TYPE OF FUNCTIONS

The type of a function determines the kind of a type will be data that function returs to the calling code and he is assigned in declaration of the function. The function type is defined before the name of the function as shown in next example.
double square(double a);
float squareroot(float a);
char *data();
As we can see from previous examples, the square function is of type double, the squareroot function is of type float and the data function is of type char * (char is short for character) with the pointer so it returns a pointer to a character. Function generally can be user type defined. The precise type that function returns is determined by a command return in the definition of the function
float abs(float x) {
       return(x >= 0) ? x : -x;
}
In this example the conditional operator works in the following way:  
If an argument x is greater or equal to zero, the result of an operator is equal to the value of an argument, and otherwise the result is argument with changed sign. With use of return command result of the operator is declared for the return value, execution of a function is terminated and the value is returned in program. The parameter of return value can be any number, variable or term which is calculated before terminating the functions. Be careful when you’re defining functions because the type of the result must be equal to the type of the function.

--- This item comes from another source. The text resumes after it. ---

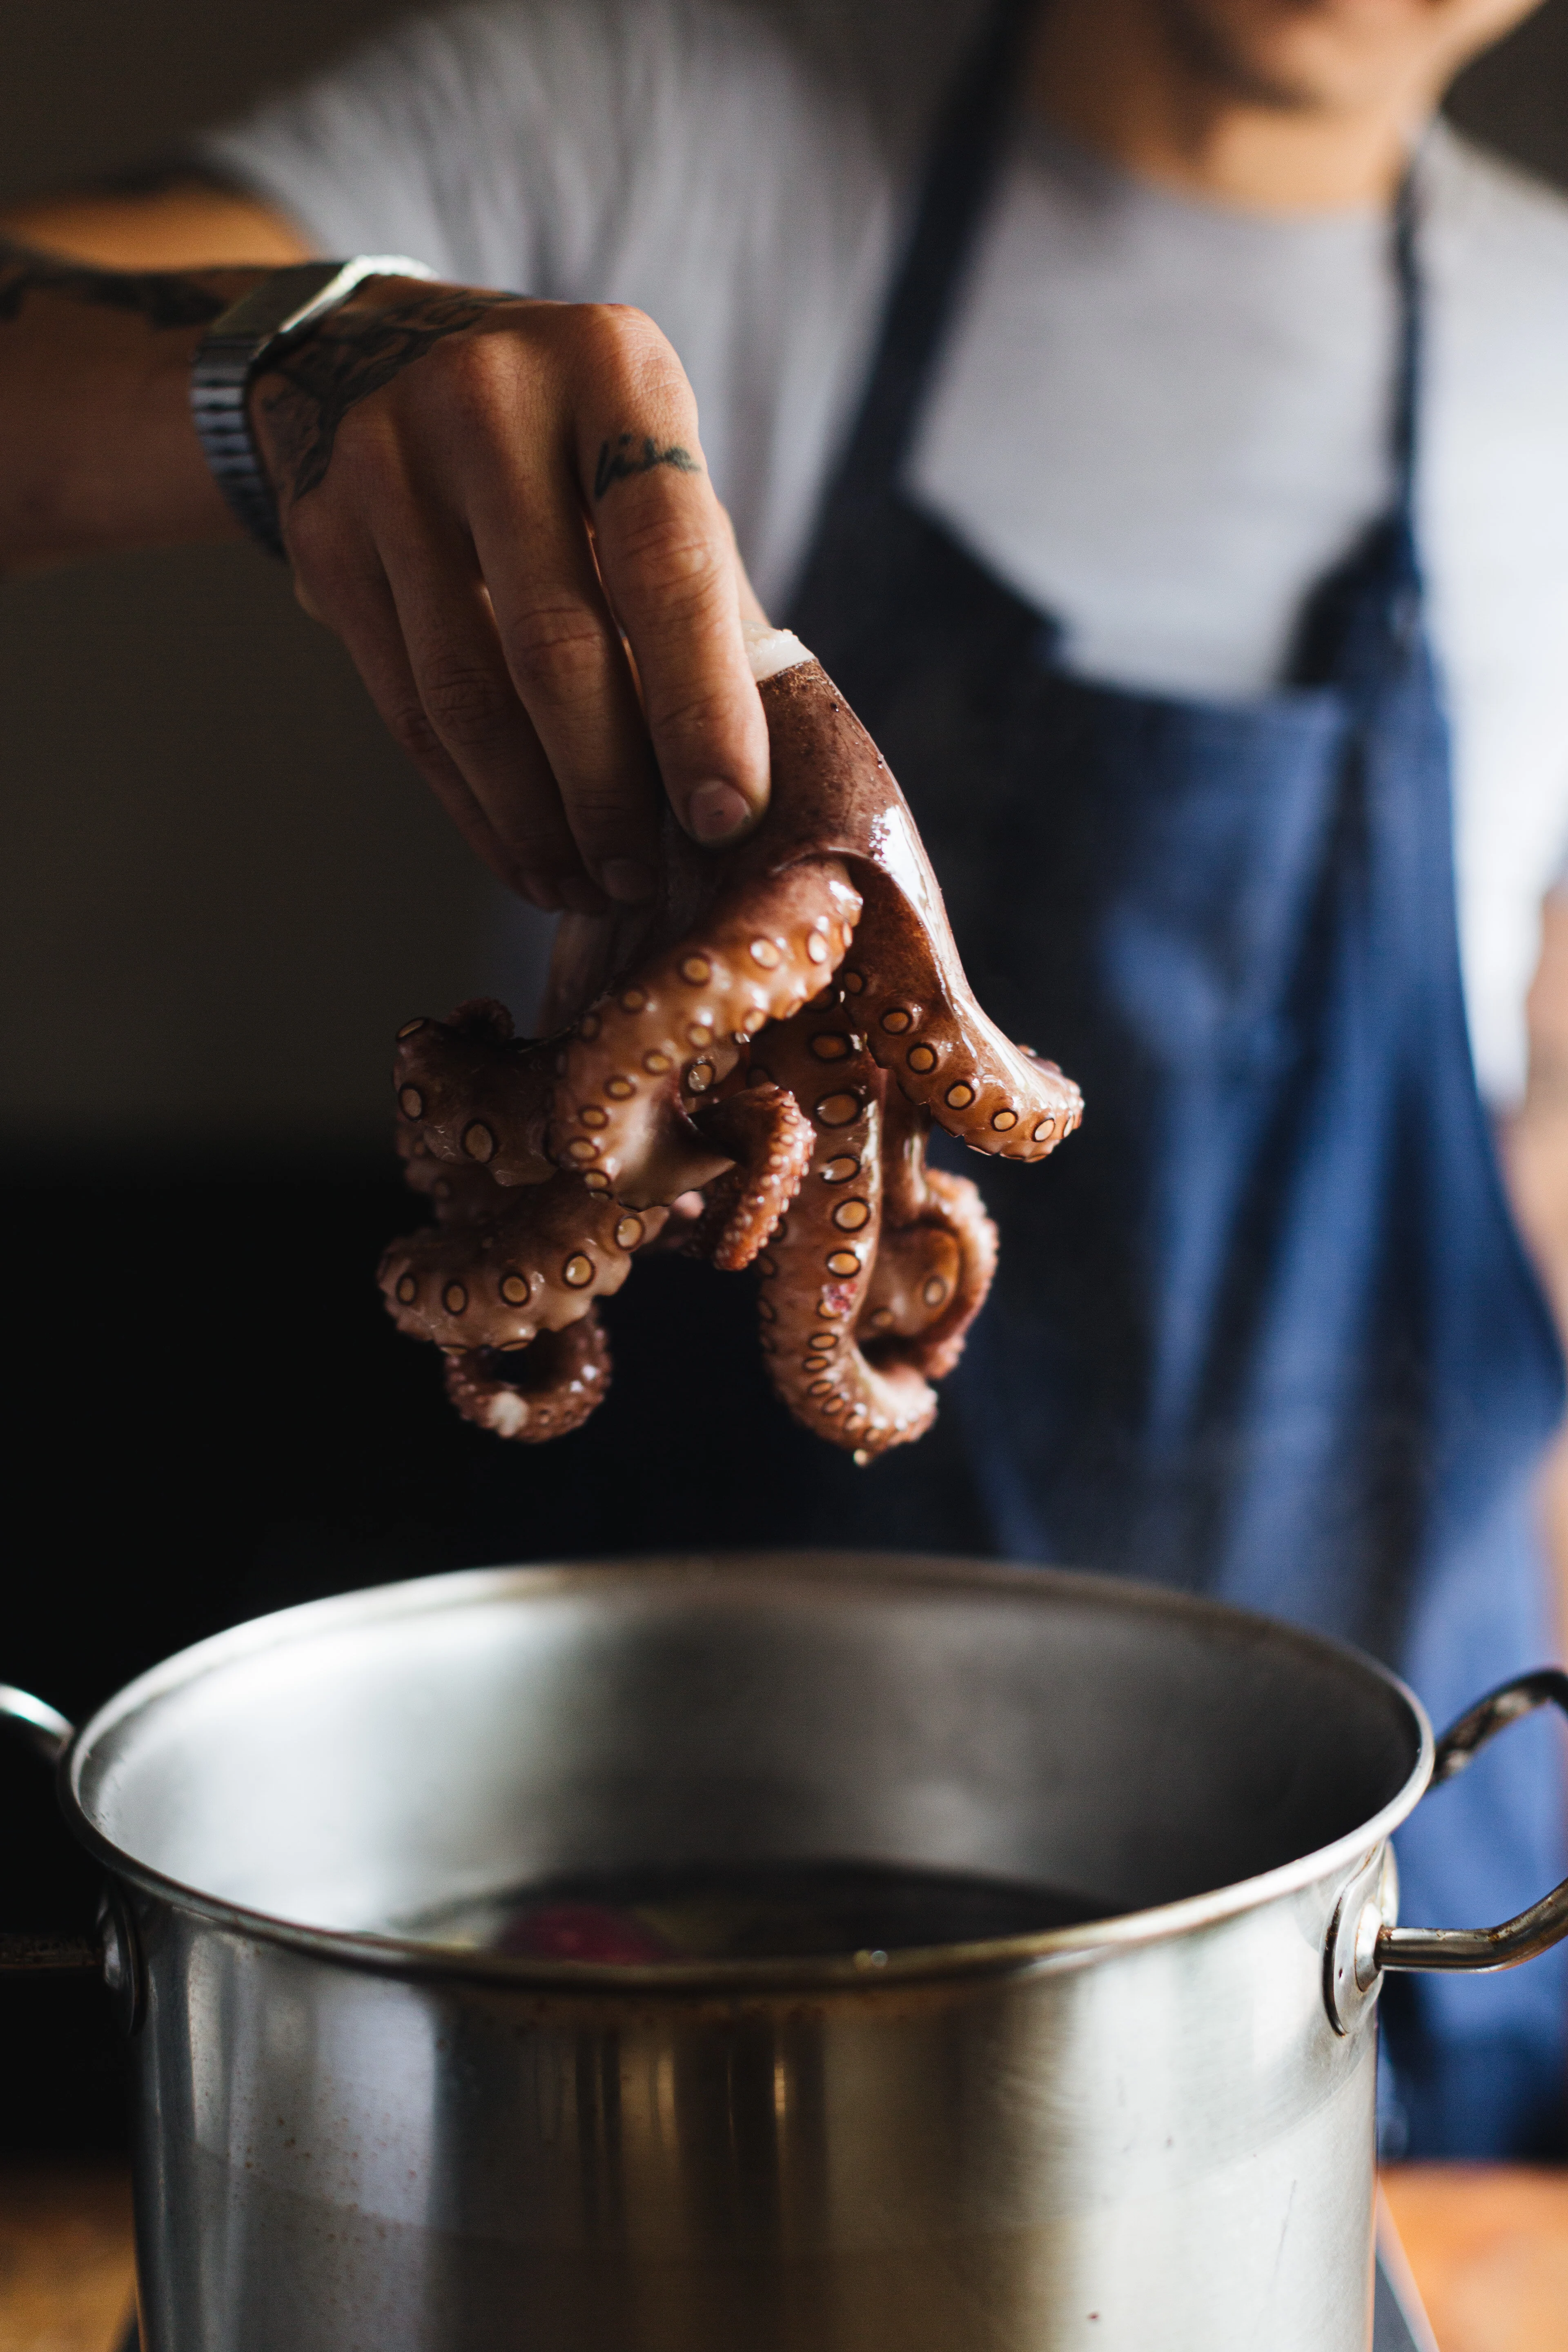 Octopus Cooking
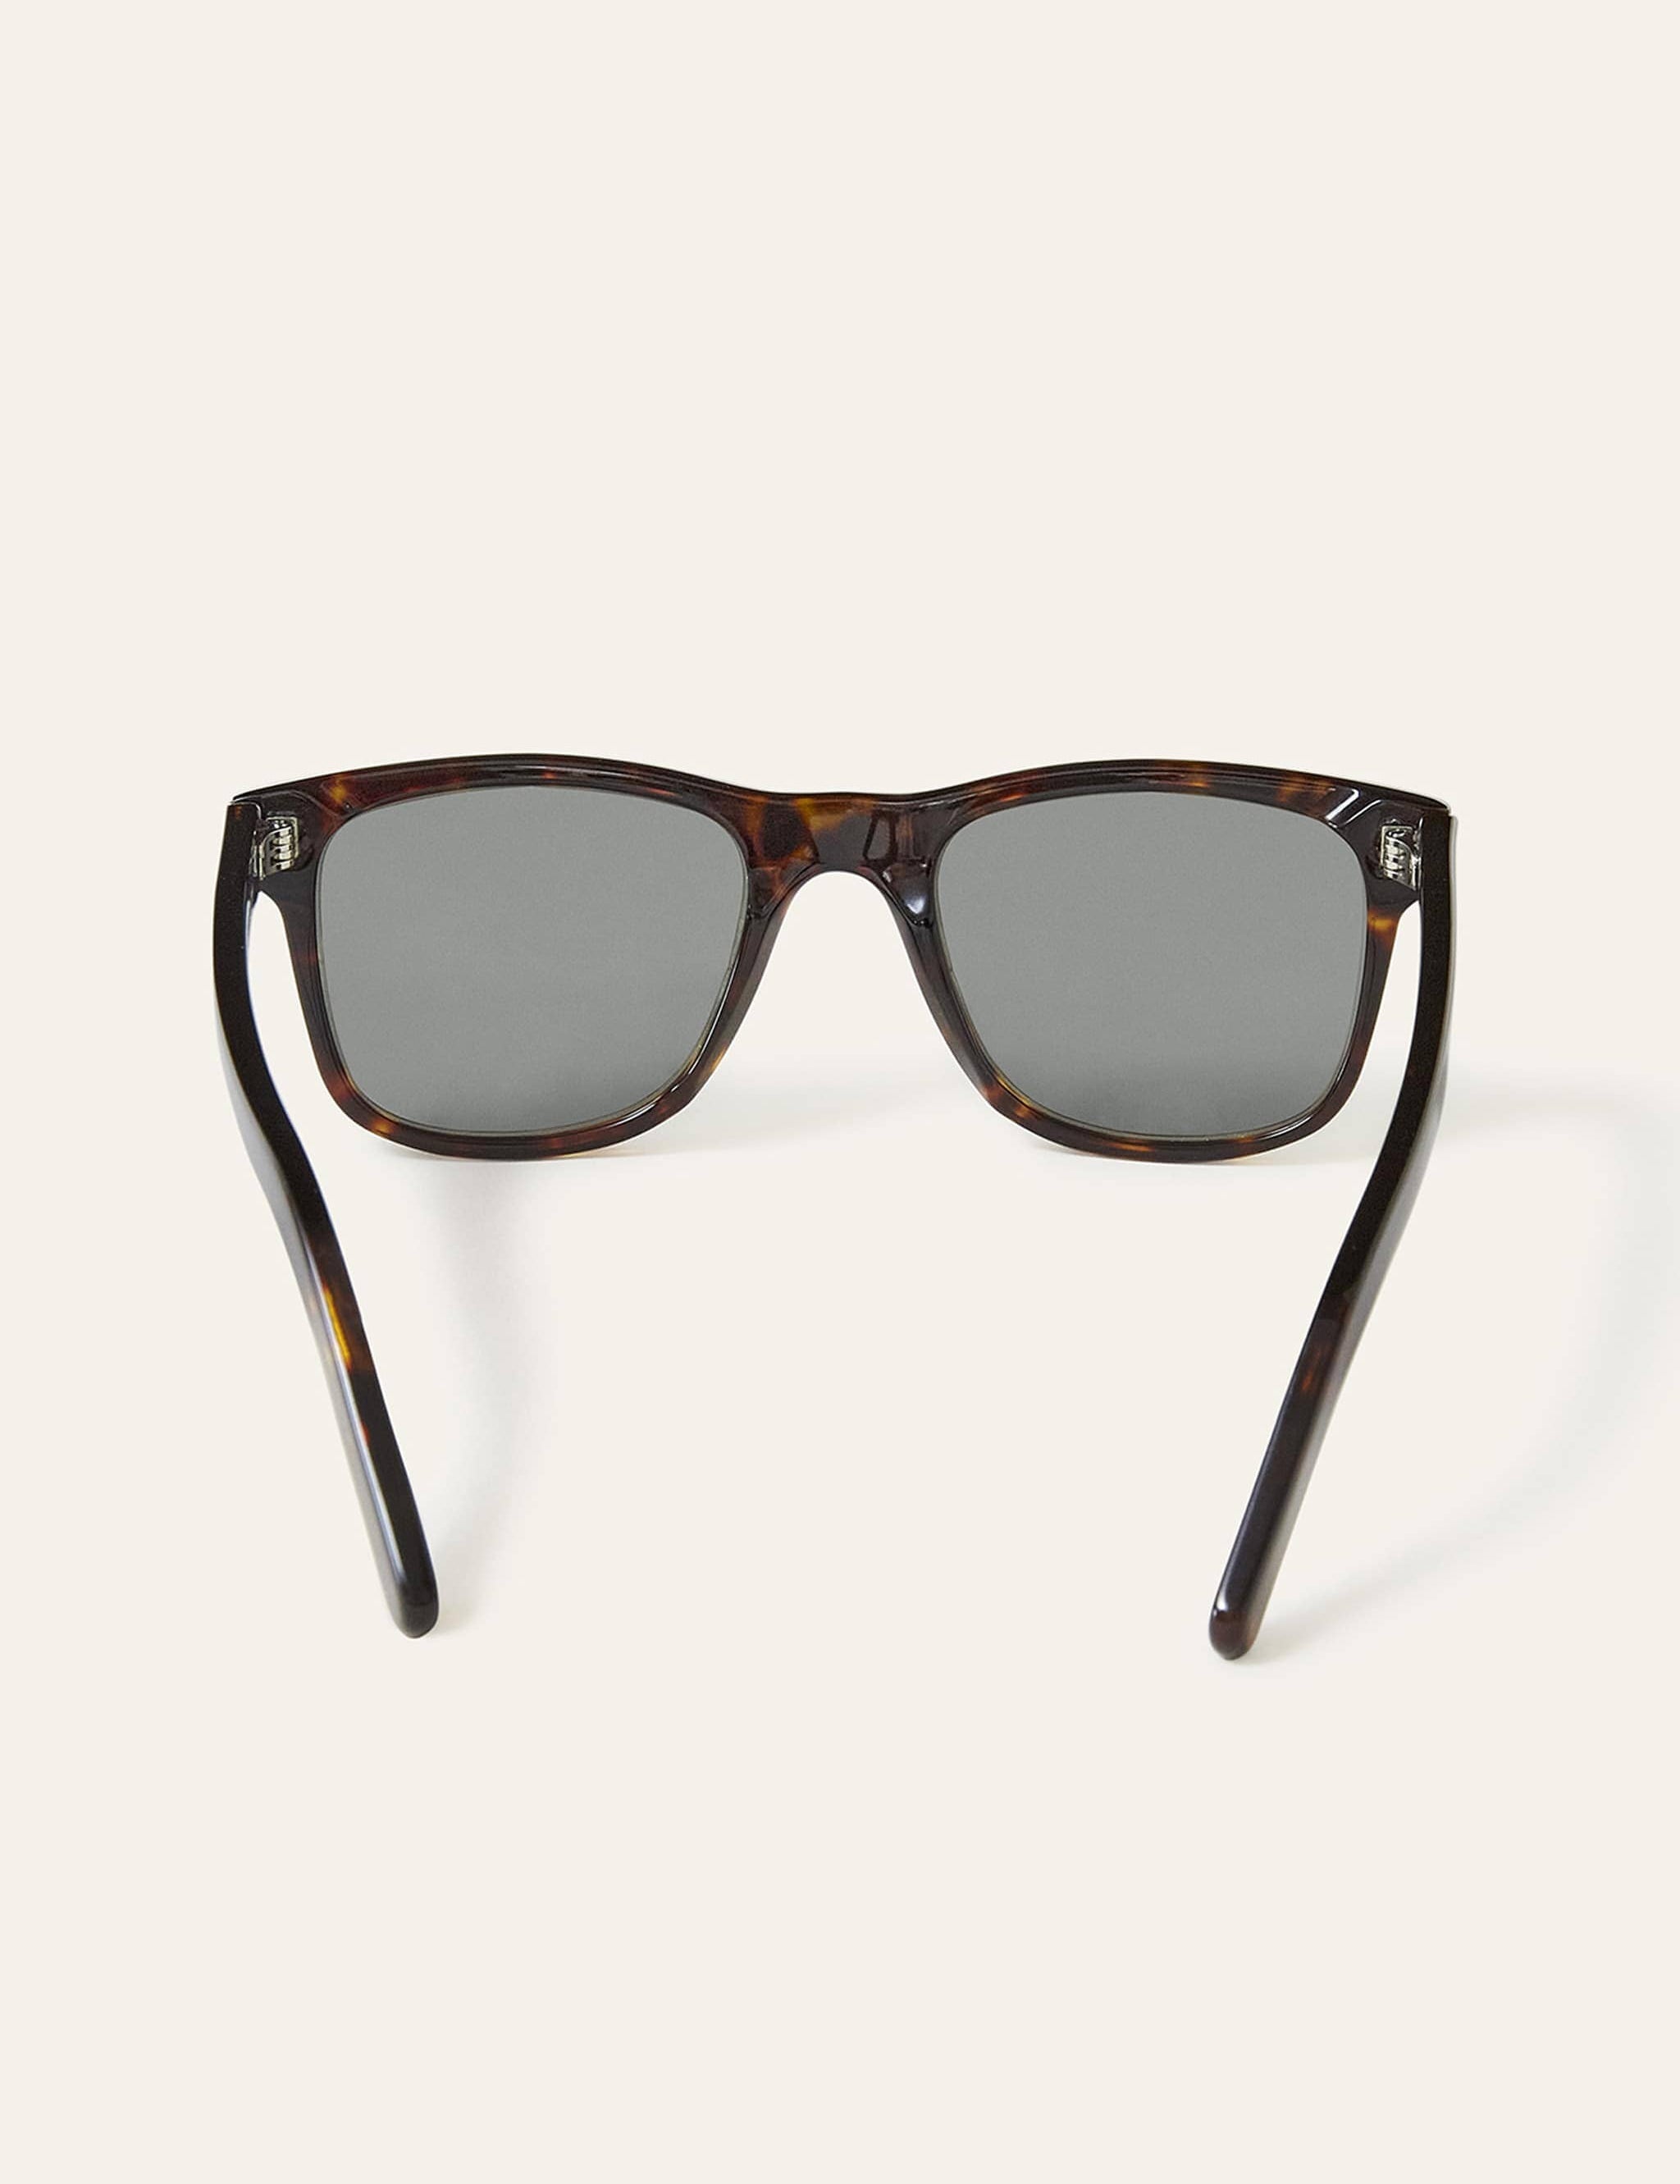 tortoiseshell-journey-sunglasses-957715.jpg

If the result of the command return is different from the type of functions, the result is transformed into a type of function. Let’s make a change in our function called absolute():
#include "stdafx.h"
#include "iostream"
using namespace std;
double absolute(float x){
       return (x >= 0) ? x : -x;
}
int _tmain(int argc, _TCHAR* argv[])
{
       float b;
       cout << "Enter a value of variable b:" << endl;
       cin >> b;
       cout << "The absolute vale of a b is:" << absolute(b) << endl;
       system("pause");
       return 0;
}

So the function will return data of double type even though the result of command return is float type. Of course there is no sense in defining defining function in this way because with transformation of result we don't get on precision of returning value. But there is a sense of defining a function in the following form:
#include "stdafx.h"
#include "iostream"
using namespace std;
long absolute(float x){
       return (x >= 0) ? x : -x;
}
int _tmain(int argc, _TCHAR* argv[])
{
       float b;
       cout << "Enter a value of variable b:" << endl;
       cin >> b;
       cout << "The absolute vale of a b is:" << absolute(b) << endl;
       system("pause");
       return 0;
}
Which will return an integer part of the argument. The result of conditional joining is again of float type but the function is declared as a long type, so the result will be only an integer type of a function
IMPORTANT: The function as a result can return data of any kind of type with the exception of arrays and function but it can return arrays and reference on that types.
In calling code the result of a function can be any kind of arbitrary expression. In particular, the previously defined function square() we can use in arithmetic expression on the left side of the joining operator, treating her as every other data double. For example:
#include "stdafx.h"
#include "iostream"
using namespace std;

double square(float); //this is only declaration of a function

int _tmain(int argc, _TCHAR* argv[])
{
       float a;
       cout << "Enter the value for variable a =" << endl;
       cin >> a;
       cout << "The result of a^2 = " << square(a) << endl;
       float cube = square(a) * a;
       cout << "The result of a^3 = " << cube << endl;
       float fifth = square(square(a));
       cout << "The result of a^5 = " << fifth << endl;
       system("pause");
       return 0;
}

double square(float x) {
       return x*x;
}
You can even settle a function call as an argument of a function call:
float xOn4 = square(square(x));
The result of the function can even be ignored. Function square() can be called like this:
       square(5);
Although the meaning of the previous command is questionable, this type of function call is allowed. If function doesn’t have to turn back value that can be arranged using the declaration type void. This type of declaration is used for generating messages or results that depends on argument values. For example, if we need a function which will print a value of squared number and the value will not be returned to calling code, we will declare and define function squre() like:
void printsquare(float x){
       cout << (x*x) << endl;
       return;
}
Because function type void doesn’t return anything to code inside function main the command return inside the printsquare() function shouldn’t contain any data. Moreover in these cases the command return can be ignored.
IMPORTANT: The return command is mandatory for exiting the function which in general returns some result. For function type void the return command can be left out – in that case compiler will realize that exit from this function is at the end of her definition.
Function of type void can’t be used in arithmetic operations, so we’ll always call previously defined function in the following way:
       printsquare(10);
The next type of function call will cause the error during execution of program:
       float a = printsquare(10); // error
The return from the function is possible from every point inside the function. So command return can be positioned on more points inside the function. Let’s take a closer look at following example:
void statement(int answer) {
       switch (answer){
       case 0:
             cout << "No";
             return;
       case 1:
             cout << "Yes";
             return;
       }
       cout << "Maybe yes and maybe not";
}

In previous function we see that we have two explicit return commands, and default return at the end of the function body.